6 Responses to “Nickel and Dimed: Why Microtransactions Are Ruining Video Games”

  1. Benedict DelBaggio on January 24th, 2018 11:37 am

    I agree, micro-transactions need to be toned down, at the very least have loot crates and transactions only for the cosmetics, and remove duplicates.

    [Reply]

  2. christian ortiz on January 24th, 2018 12:07 pm

    Fortnite another popular game uses these micro transactions but found an alternate way to earn them and not to just buy the credits, “V-Bucks” when you buy the $40 story mode where you can earn them in certain missions or quests you can complete. So really its all about how the game designers want the game to be, A fun game, or a game to only earn money for themselves.

    [Reply]

  3. Noah on January 24th, 2018 12:53 pm

    Micro-transactions are optional. No-one forces you to buy them. I have tons of games and I’ve never paid for micro-transaction.

    [Reply]

  4. Devin Phillips on January 24th, 2018 1:31 pm

    Hey lets not forget that Shadow of war had loot boxes and it was a single player game

    [Reply]

    christian ortiz Reply:

    never played it but hey i know a bunch of games like that

    [Reply]

  5. Gamers Elite on January 28th, 2018 9:29 am

    People keep complaining about microtransactions, but as someone else said, no one is forcing you to buy them.

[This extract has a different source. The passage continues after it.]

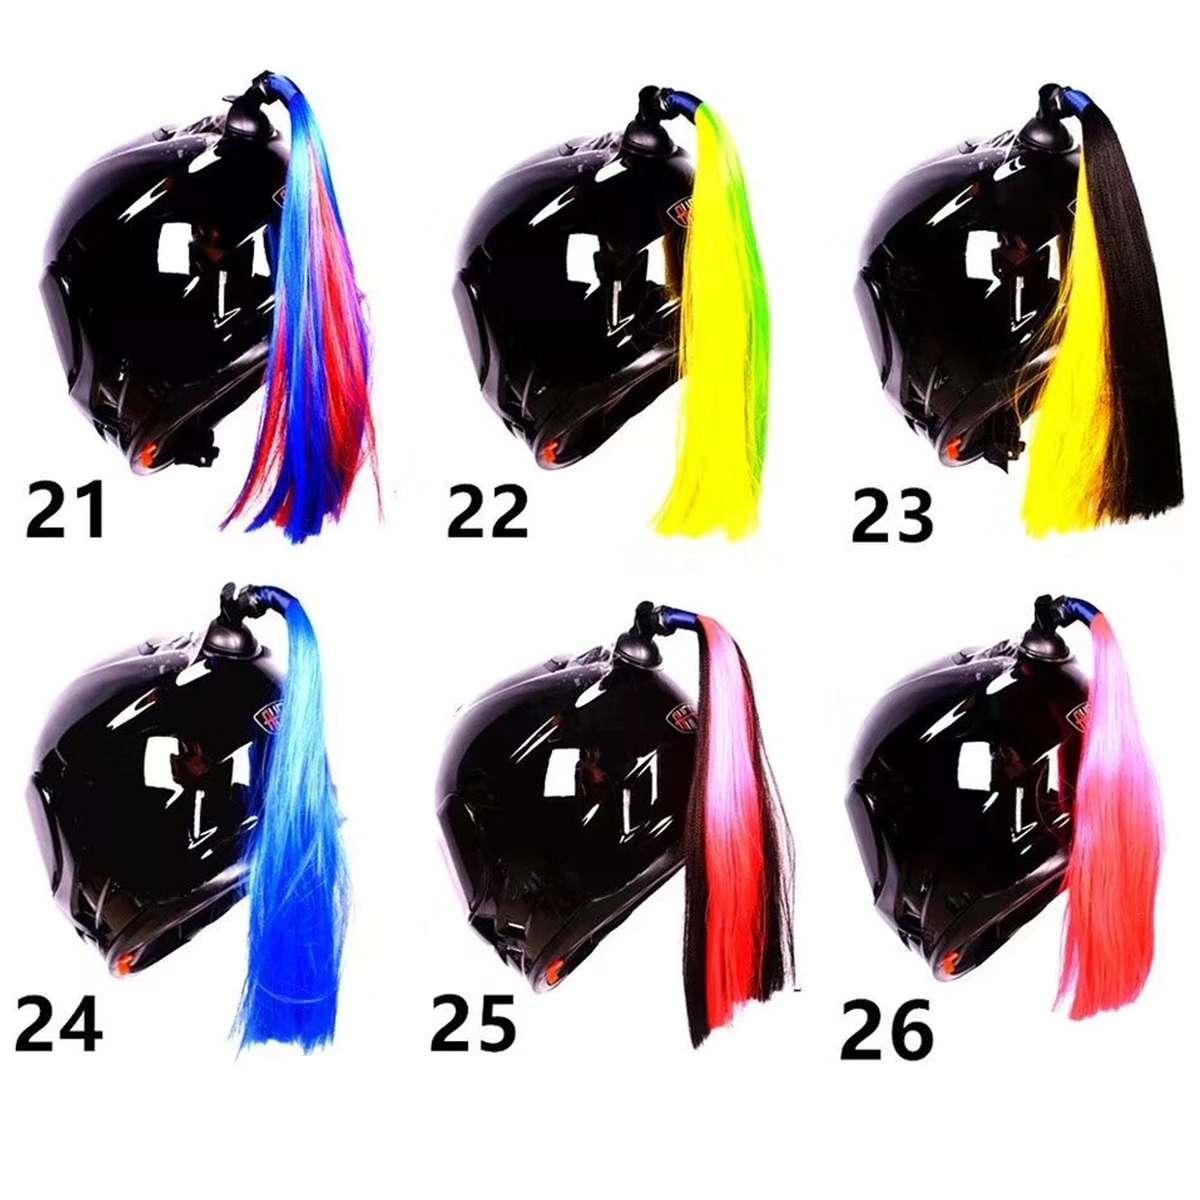 Gradient Ramp Helmet Braids Ponytail Helmet Hair Pigtails Motorcycle Bike Decor

    “pushing players to purchase supply drops with prices that range from $2 for 200 to $100 for 13,000 Call of Duty Points.”

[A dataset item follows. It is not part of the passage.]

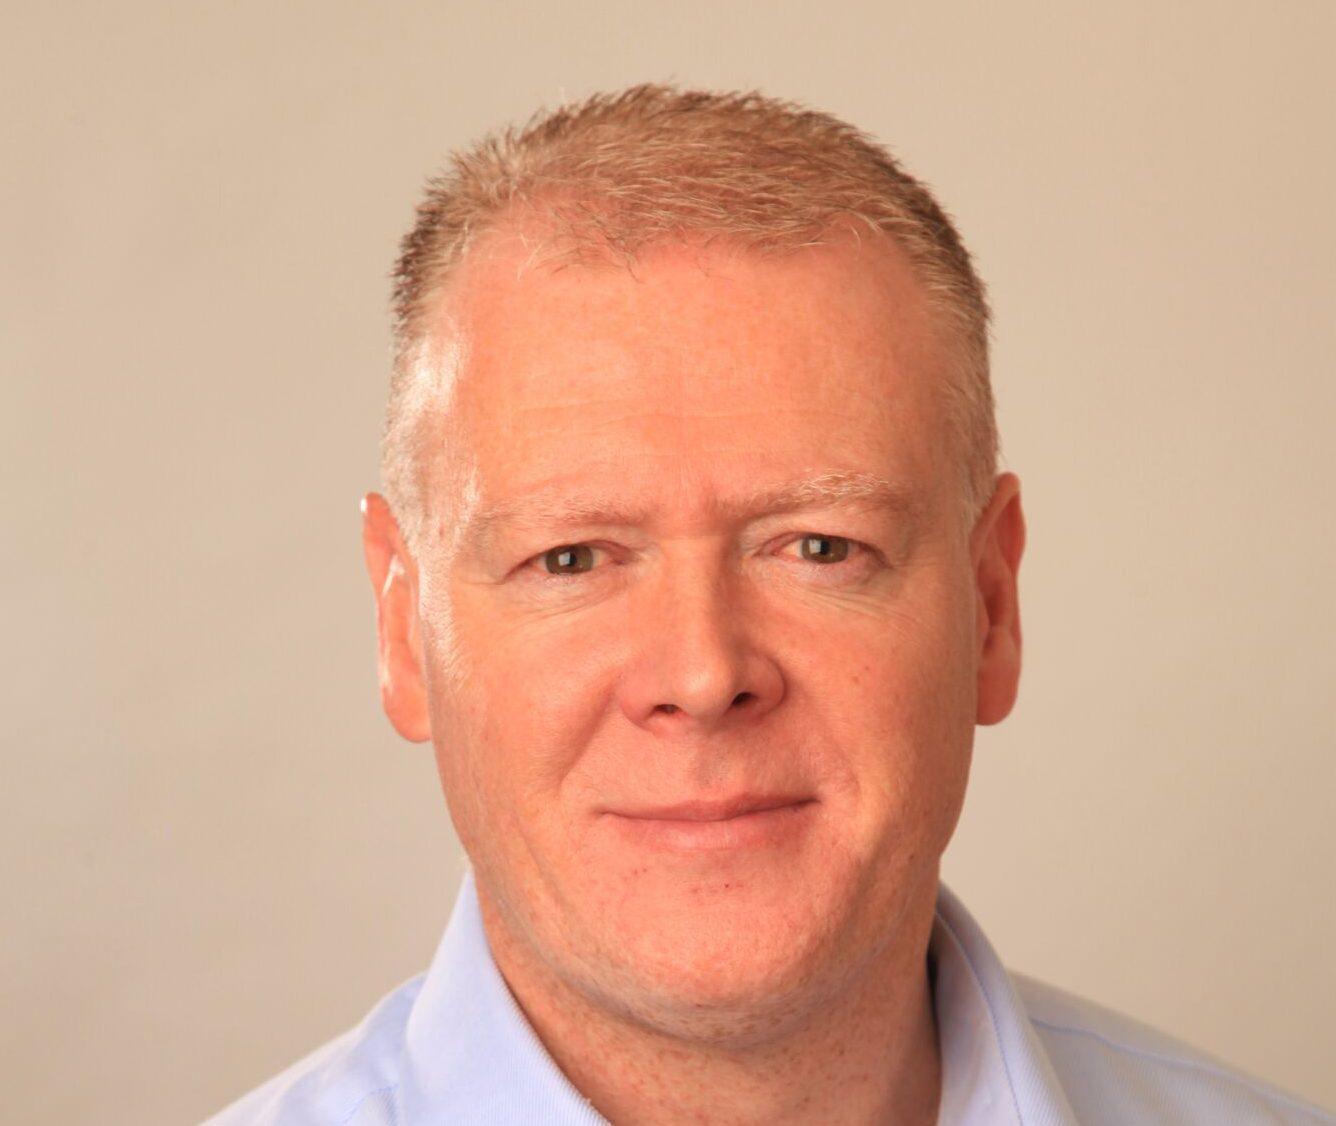 Scott Cairns

    COD for example, has CPs, of course, they pretty much always have! But most of the time when you buy these points for supply drops, its just cosmetic items – not real guns.

    Personally, I find that there is a big difference between loot crates for an Indie company and loot crates for a AAA company AND a big difference between loot crates that carry cosmetics and loot crates that carry game advantages.

    [Reply]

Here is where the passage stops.